18x 9" OLED screens that display a photo montage and photo gallery of family pictures all controlled by a raspberry pi.

The Wall

It's a half-dozen salvaged OLED displays built into a false wall behind some sliding shoji screens. The displays are driven by some old piece-of-shit computer and GPU. They display nature scenes. It's an enormous digital window.

Home Health

I have a smart dashboard that tracks my cats, phones, wallets, weather, and a bunch of other info that is displayed on an ipad by the coffee machine.

Daily Guk

It's an old 21" android tablet that displays only good headlines, daily funny comics, weather, upcoming calendar, etc.

Cat Toy

It's a 55" touch screen that entertains my cats. Android stick plugged into the back running some custom Unity3D games.

Walking Timer

I built a timer that tracks how long we walk, and how many laps we do around the block, and then I grab the images from the doorbell camera and use computer vision and gait analysis to automatically detects when we leave, when we return, and how many times we walked past the front door on our laps, and calculates our speed.

CNC Controller

I have a CNC controlled by a Raspberry Pi, which in turn is controlled by an Android tablet. So if the UI crashes, the CNC will continue running the gcode. This could now be replaced by other open source projects that have become available since I created this setup.

RV Sync

I have an all flash NAS at the RV which is set to automatically sync the video & music directories, and a few other directories, between my NAS at my home and the NAS in the RV so that all the contents are available when on the road, even if internet is a bit wonky.

Retired Projects

Cat Litter Robot

This was a litter box, with a Kinect, a web cam, a Fujitsu robot arm, and Amazon's Mechanical Turk. The robot arm was controllable via a web UI and it live streamed the litter box. When a cat did their business, the kinect detected that, weighed the litter box, and then sent a request to mechanical turk to have someone clean the litter box for 25 cents. And then when they were done, two more requests were sent to mechanical turk to have other people independently verify that the video showed the litter box being cleaned adequately.

Giant Waterfall Ring Toss

An art gallery in Los Angeles wanted something as an attraction due to the pandemic, so I salvaged a 55" display, built an enclosure, and installed it in the upper glass portion of the door frame of the art gallery, and people could play the classic "Waterfall Ring Toss" game by mashing a great big button.

Remote Control Cat Toy

I built a web browser controlled remote cat toy with one of those feathers on a wand controlled by a number of servos. And also added a laser point option too. Then had a bunch of web cams live stream the adoptable cats in the shelter. And people could donate a $1 to "play the arcade game" with cats that would get unlocked as people contributed more money.

Planetarium

I built a 12 foot wide classic planetarium driven by a raspberry pi and a lot of really strong high torque servos for a science museum exhibit. Kids could use a jog shuttle dial to rotate the planetary orbits.

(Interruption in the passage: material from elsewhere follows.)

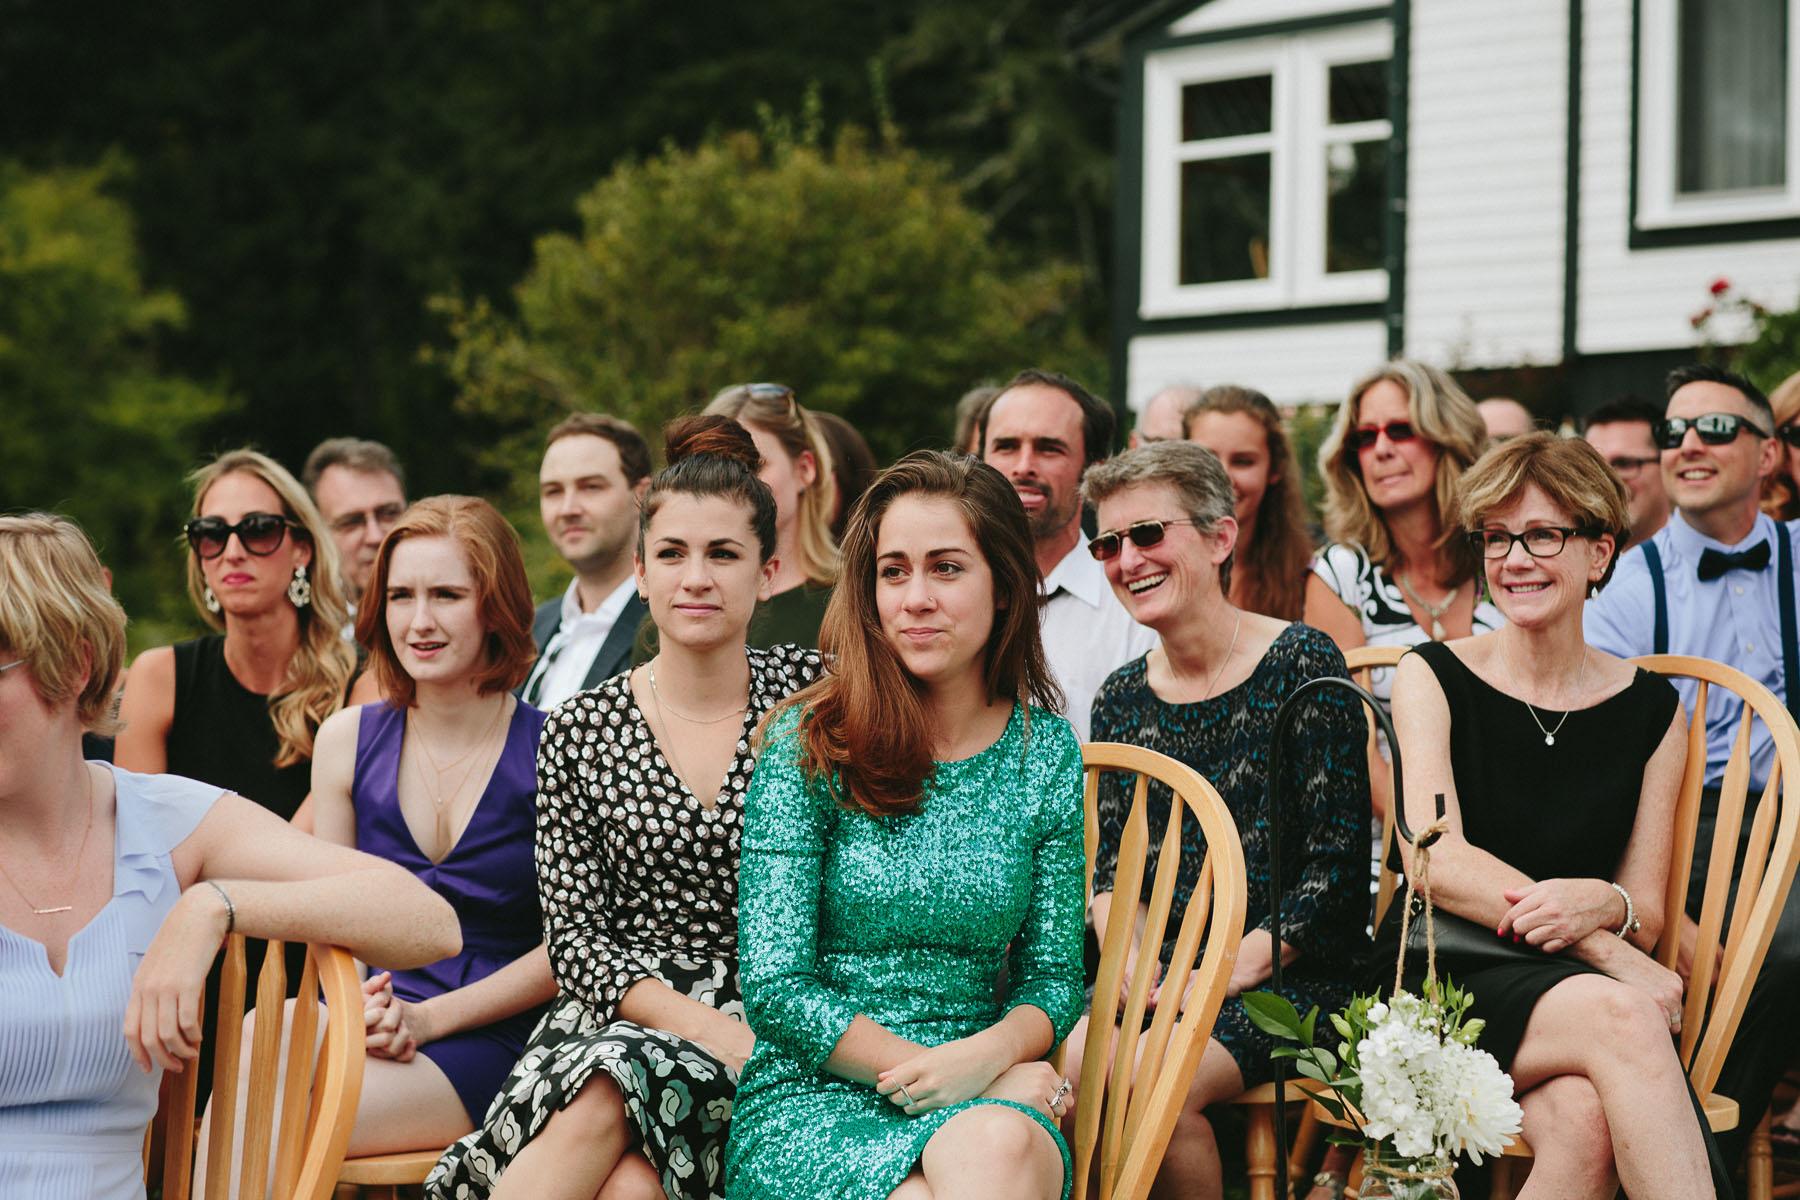 thetis-island-wedding-photographer-rp-rn-067.jpg

The Matrix Camera Capture Rig

I built a cheap camera capture rig for a science museum that works like the Bullet Time rigs, but this was done with cheap point & shoot SONY cameras. Patrons sit on a couch, or pose in a movie set, and the capture rig takes a snapshot, puts a video on the monitor for them that orbits the subjects.

Digital Sandbox RTS

A box of physical "wet sand" that you could play in, that projected an image from three overhead projectors, and you controlled a small army you could send into combat against other people playing in the sandbox. Kind of like a simple Populous game. That was on display at one of the Los Angeles kids science museums for a few years.